Both are valid, and both are documented as being valid:

hg phase [-p|-d|-s] [-f] [-r] REV...

> >> So currently people working all within the one tree will be ok. People working
> >> with clones won't have phase generally doing the right thing(™).
> > 
> > The price of admission to this conversation is:
> > 
> > http://mercurial.markmail.org/search/?q=local%20clone%20phase
> > 
> >>>> Point 8.
> >>>> 
> >>>> No relevant information is reported upon success:
> >>> 
> >>> Welcome to Mercurial. Use -v.
> >> 
> >> Hmmm... Aside from the snide response, I had felt through usage that normally
> >> mercurial reports something on success. Maybe it's just I use those commands
> >> more often that report something.
> >> 
> >> In a quick survey of the commands, I noticed the following commands don't report
> >> anything bookmark, tag, add, forget. In fact bookmark doesn't even report
> >> anything even with -v, whereas tag, add, and forget report something with -v.
> >> 
> >> However, Commit, Clone, push, pull, rollback, update, branch, and revert do
> >> report information. (Obviously commands like Incoming, outgoing, log, status,
> >> etc report information.)
> > 
> > You are wrong about commit and revert. Lots of commands are silent on
> > success, it's the default stance.
> 
> I thought I had tested commit. Maybe I some option set or something... But in any case
> revert seems to print a message upon reverting stuff:
> 
> Last login: Tue Jan 24 16:32:49 on ttys000
> [salt:~] $ mkdir hgtest
> [salt:~] $ cd hgtest
> [salt:~/hgtest] $ echo a > a
> [salt:~/hgtest] $ hg init
> [salt:~/hgtest] hgtest $ hg commit -A -m "initial commit"
> adding a
> [salt:~/hgtest] hgtest 0(0) $ echo b >>a
> [salt:~/hgtest] hgtest 0(0) $ hg commit -A -m "second commit"
> [salt:~/hgtest] hgtest 1(1) $ hg revert --all --rev 0
> reverting a
> [salt:~/hgtest] hgtest 1(1) $ hg version
> Mercurial Distributed SCM (version 2.0.2+20120104)
> ...
> 
> So it seems like revert does report stuff.

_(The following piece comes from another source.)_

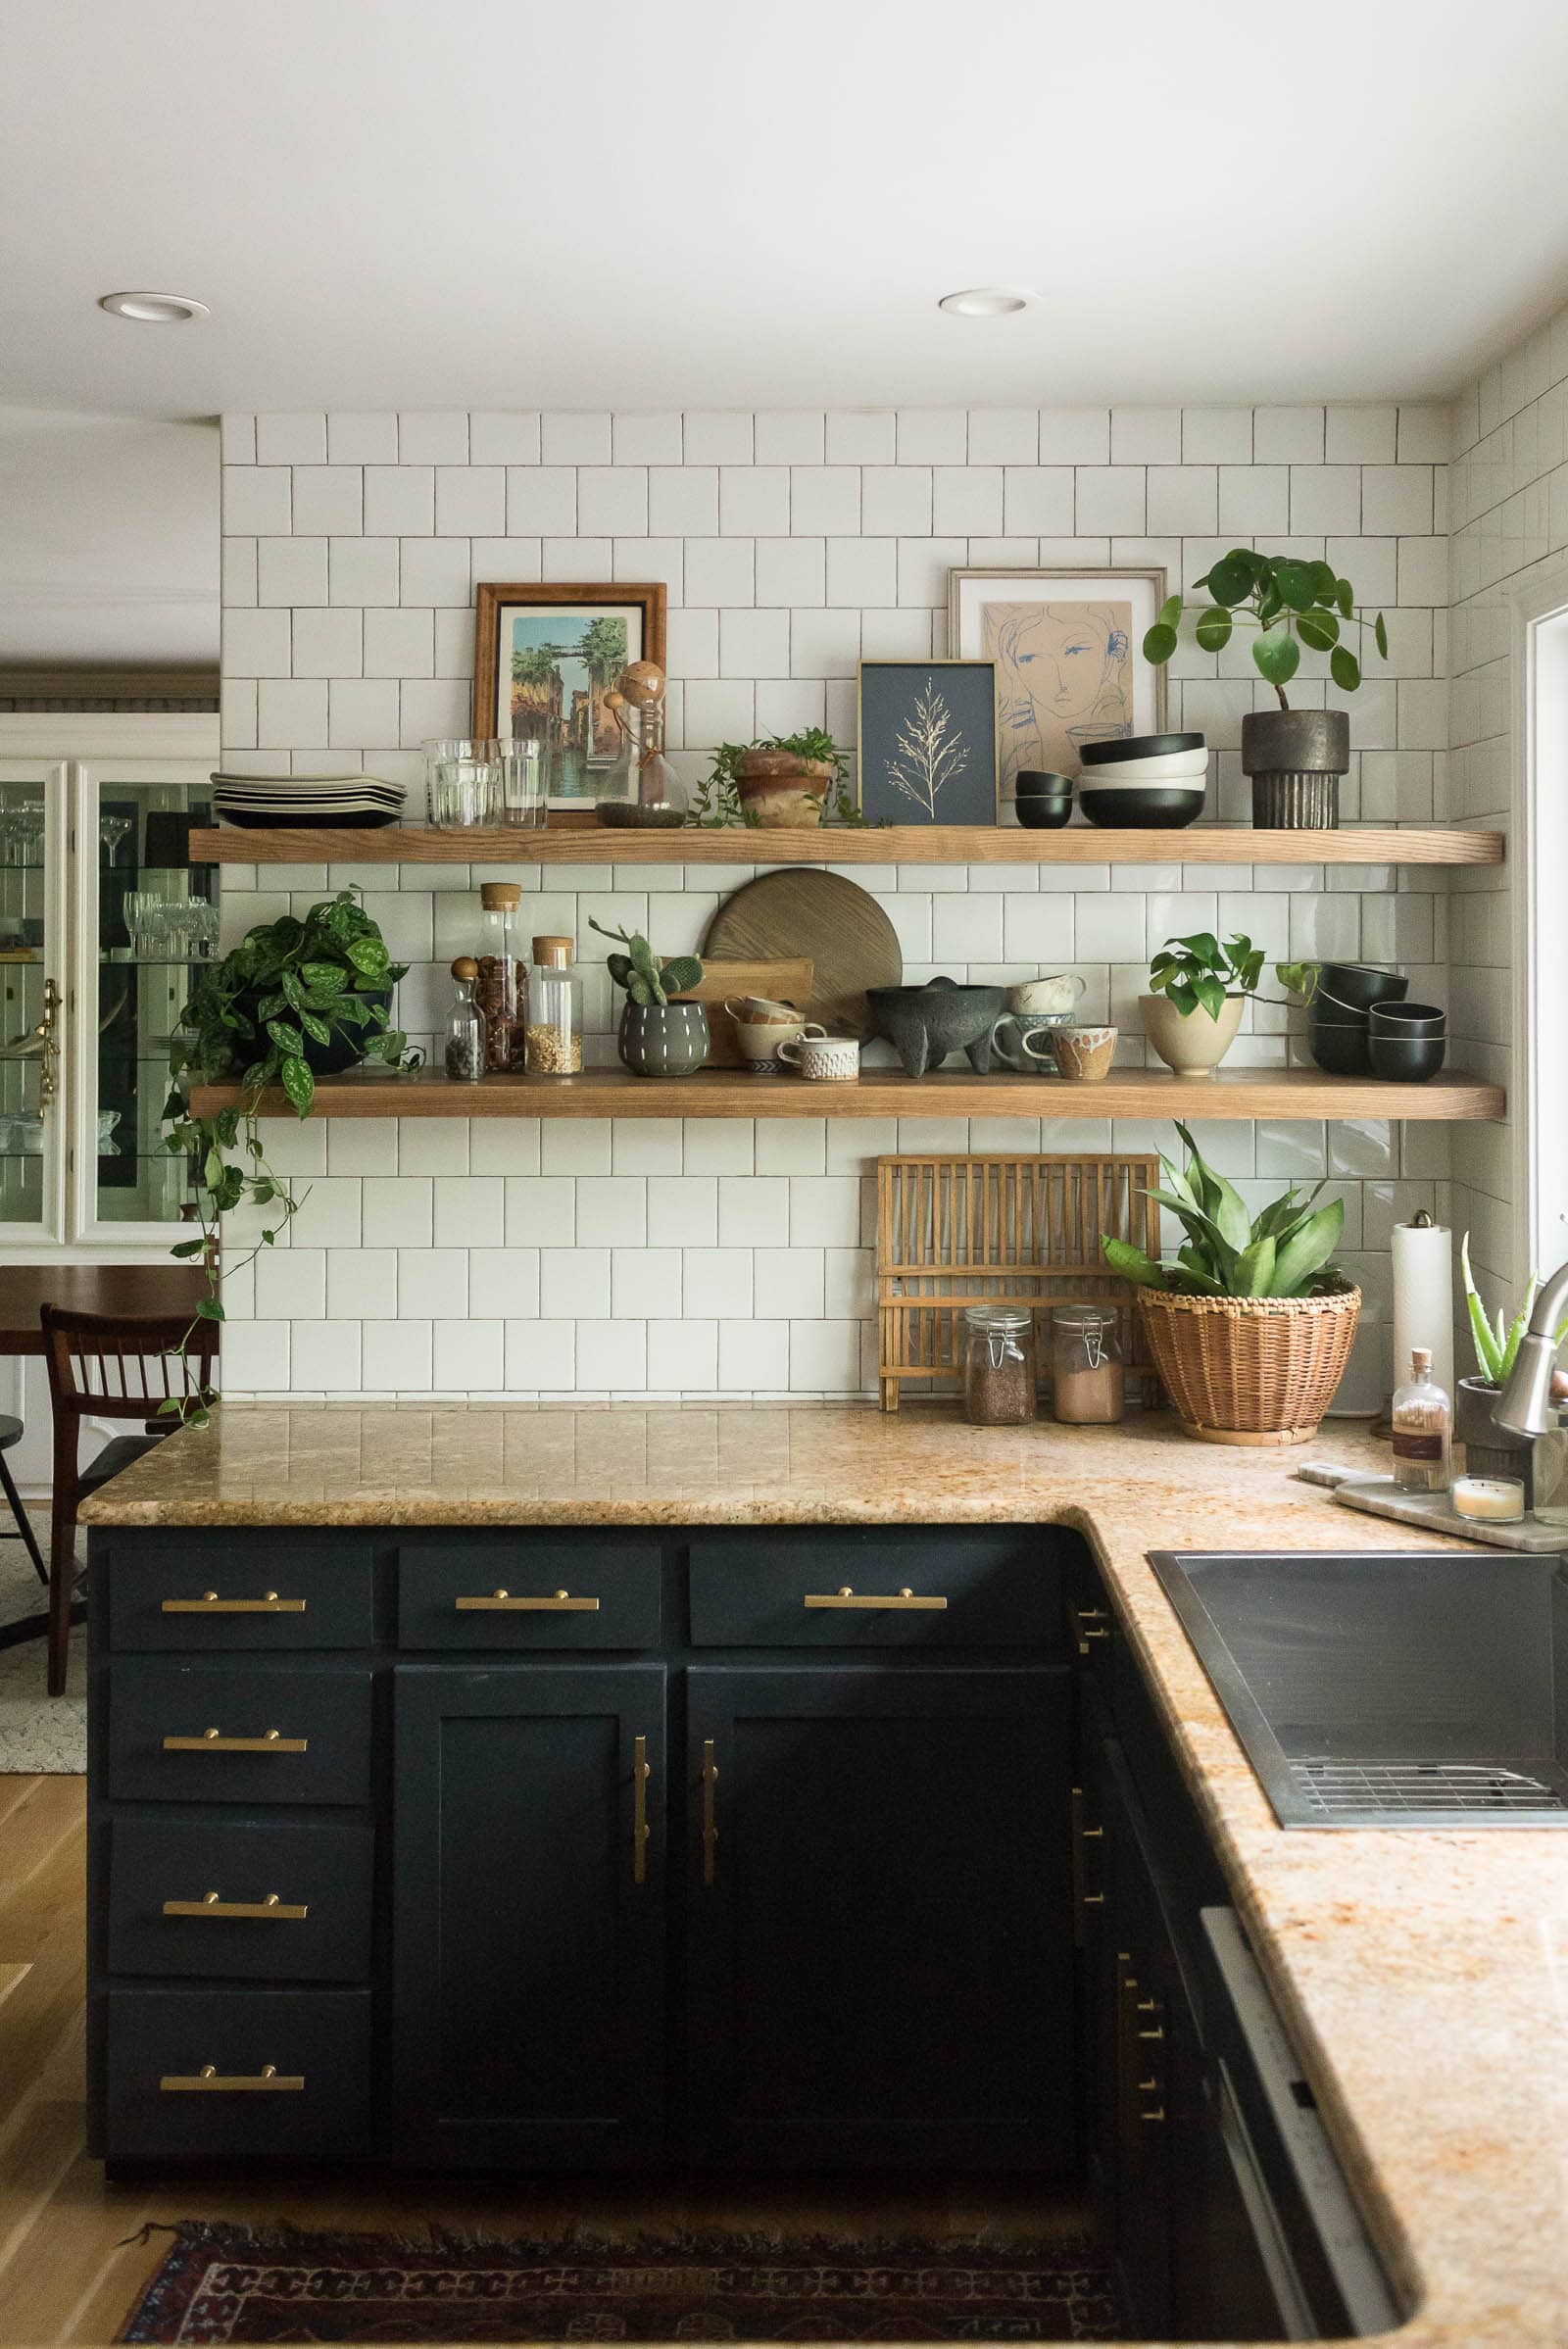 Cut Corners With The Kitchen Shelving, Granite Floating Shelves

It reports non-explicitly mentioned filenames, just like add, addremove,
and commit -A.

> >>> http://mercurial.selenic.com/wiki/CompatibilityRules#Commands (see what
> >>> it says about log in particular).
> >> 
> >> Fair enough, (although almost anyone that parses this output will use a --template option...)
> >> Still that's fine.
> > 
> > Realistically, for every person writing a fancy GUI client like you,
> > there are 100 sysadmins who are parsing this output with grep and perl
> > in the dumbest possible way for a cron job. This is the target audience
> > of CompatibilityRules, not you.
> 
> Maybe. But more importantly as a way forward, what about the idea of
> "hg log --style modern" which people can then set in their hgrc,
> or maybe something else which "just does the right thing"?

Aside: never name anything "modern" unless you're being preemptively
ironic.

> Even if it's not the default having some simple and convenient way to get
> log results with phases would be nice. (Of course if not then some thousands of
> mercurial users world wide will start to investigate rolling there own --template
> if they know about this option to log...)

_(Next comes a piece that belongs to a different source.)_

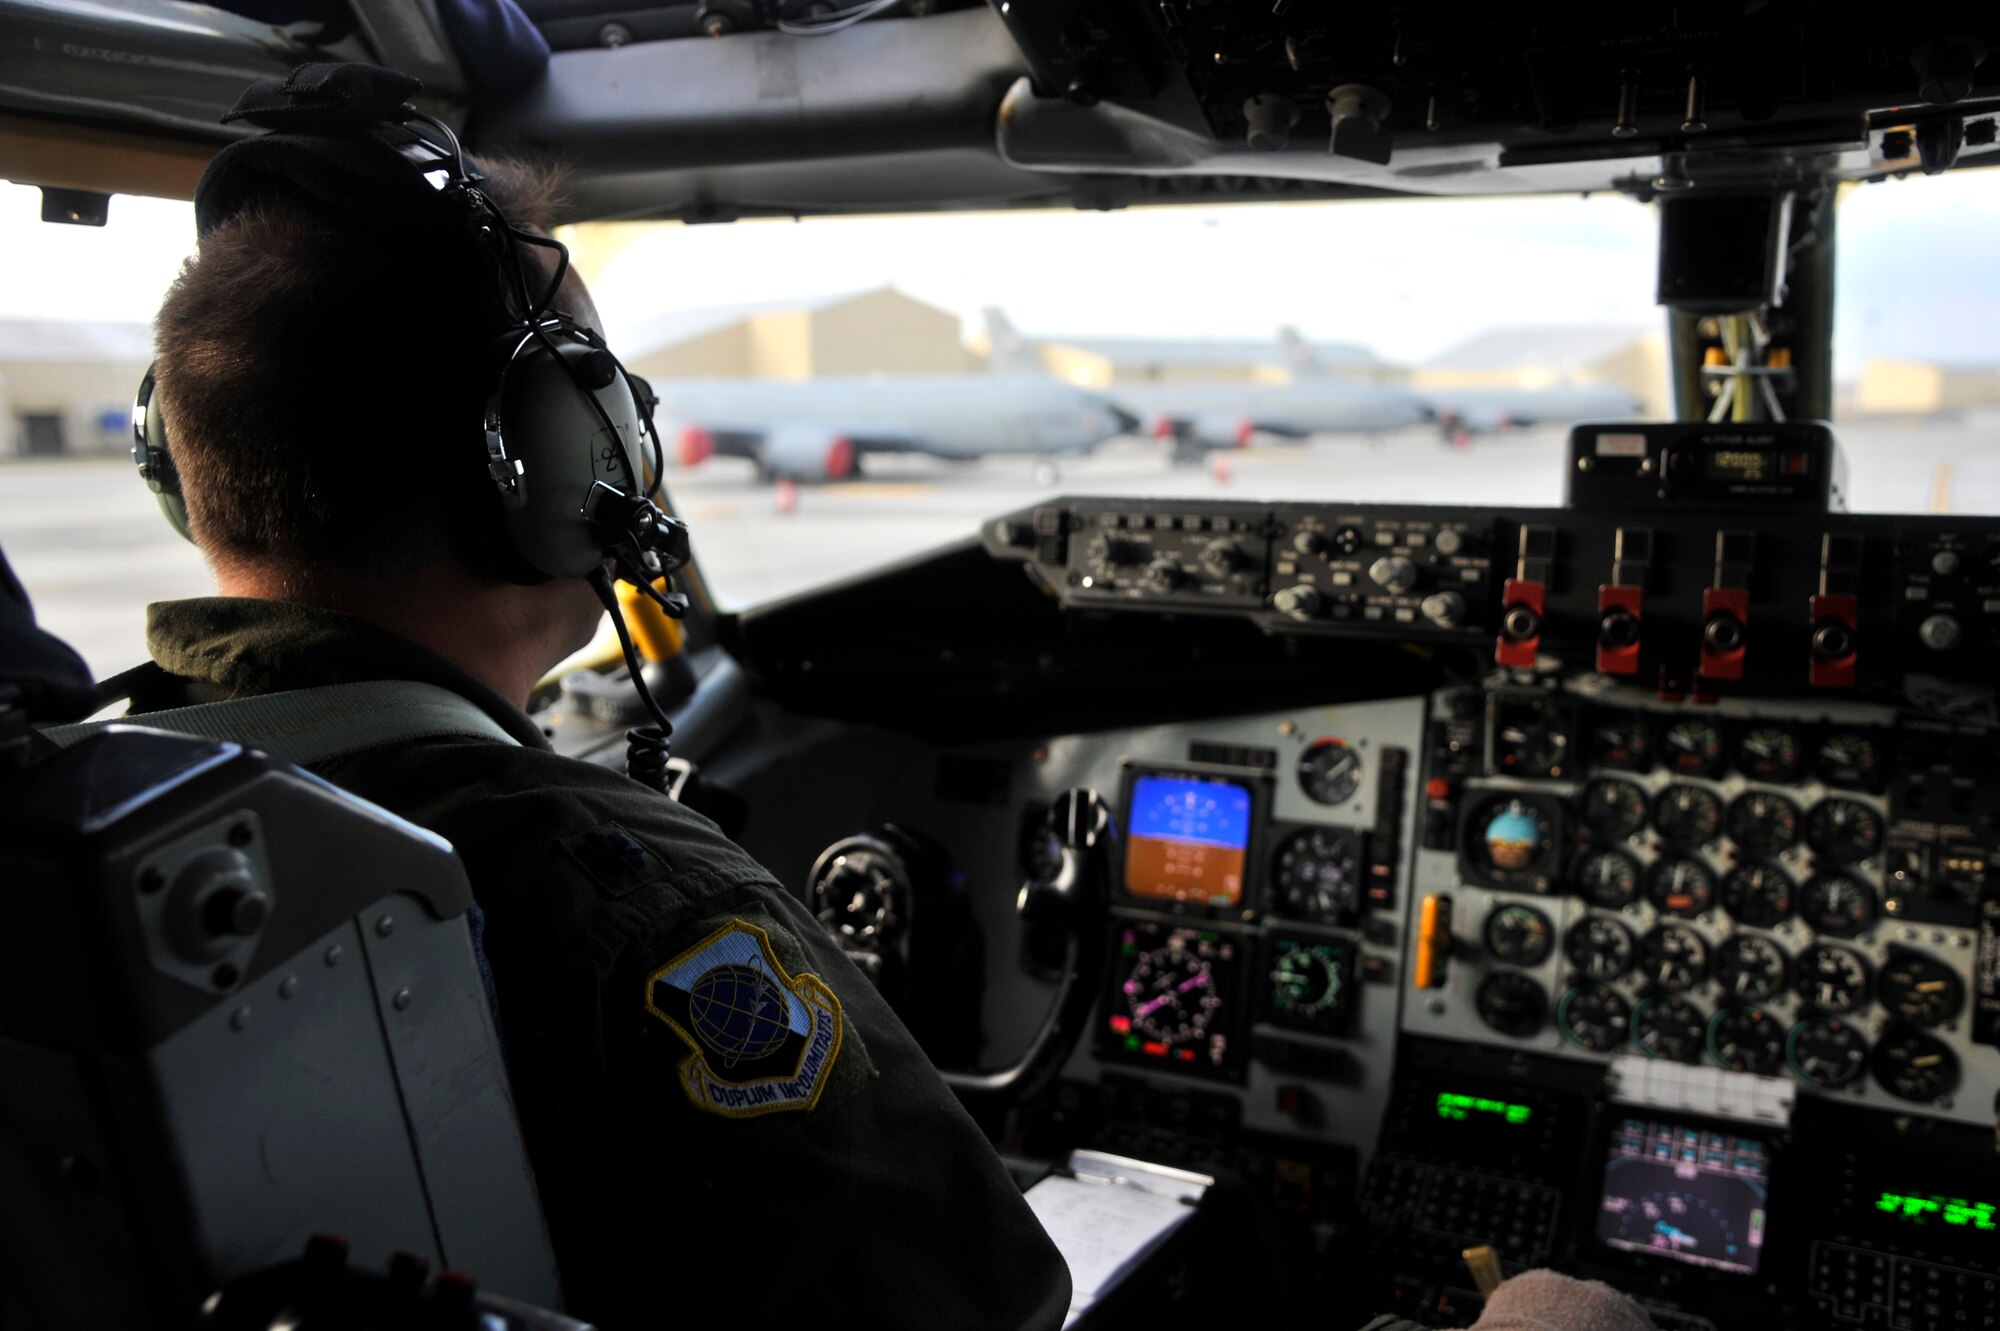 Lt. Col. David Parlotz taxis toward the runway at Fairchild Air Force Base, Washington, Sept. 23, 2014. This KC-135 Stratotanker, assigned to the 92nd Air Refueling Wing, usually transports a crew of three, including a pilot, co-pilot and boom operator. Parlotz is the 92nd ARW Inspector General. (U.S. Air Force photo by Senior Airman Mary O'Dell/Released)

I think you're missing something here: I really don't want you to even
be aware of phases on a day-to-day basis. Thus having it shown in the
log via any sort of default is just not interesting to me. They should
only be of interest to people who are rewriting history while breaking
the implicit rules on rewriting history.

Yes, we can add a style, see the recently added bisect style. I'm not in
a hurry to do that.

-- 
Mathematics is the supreme nostalgia of our time.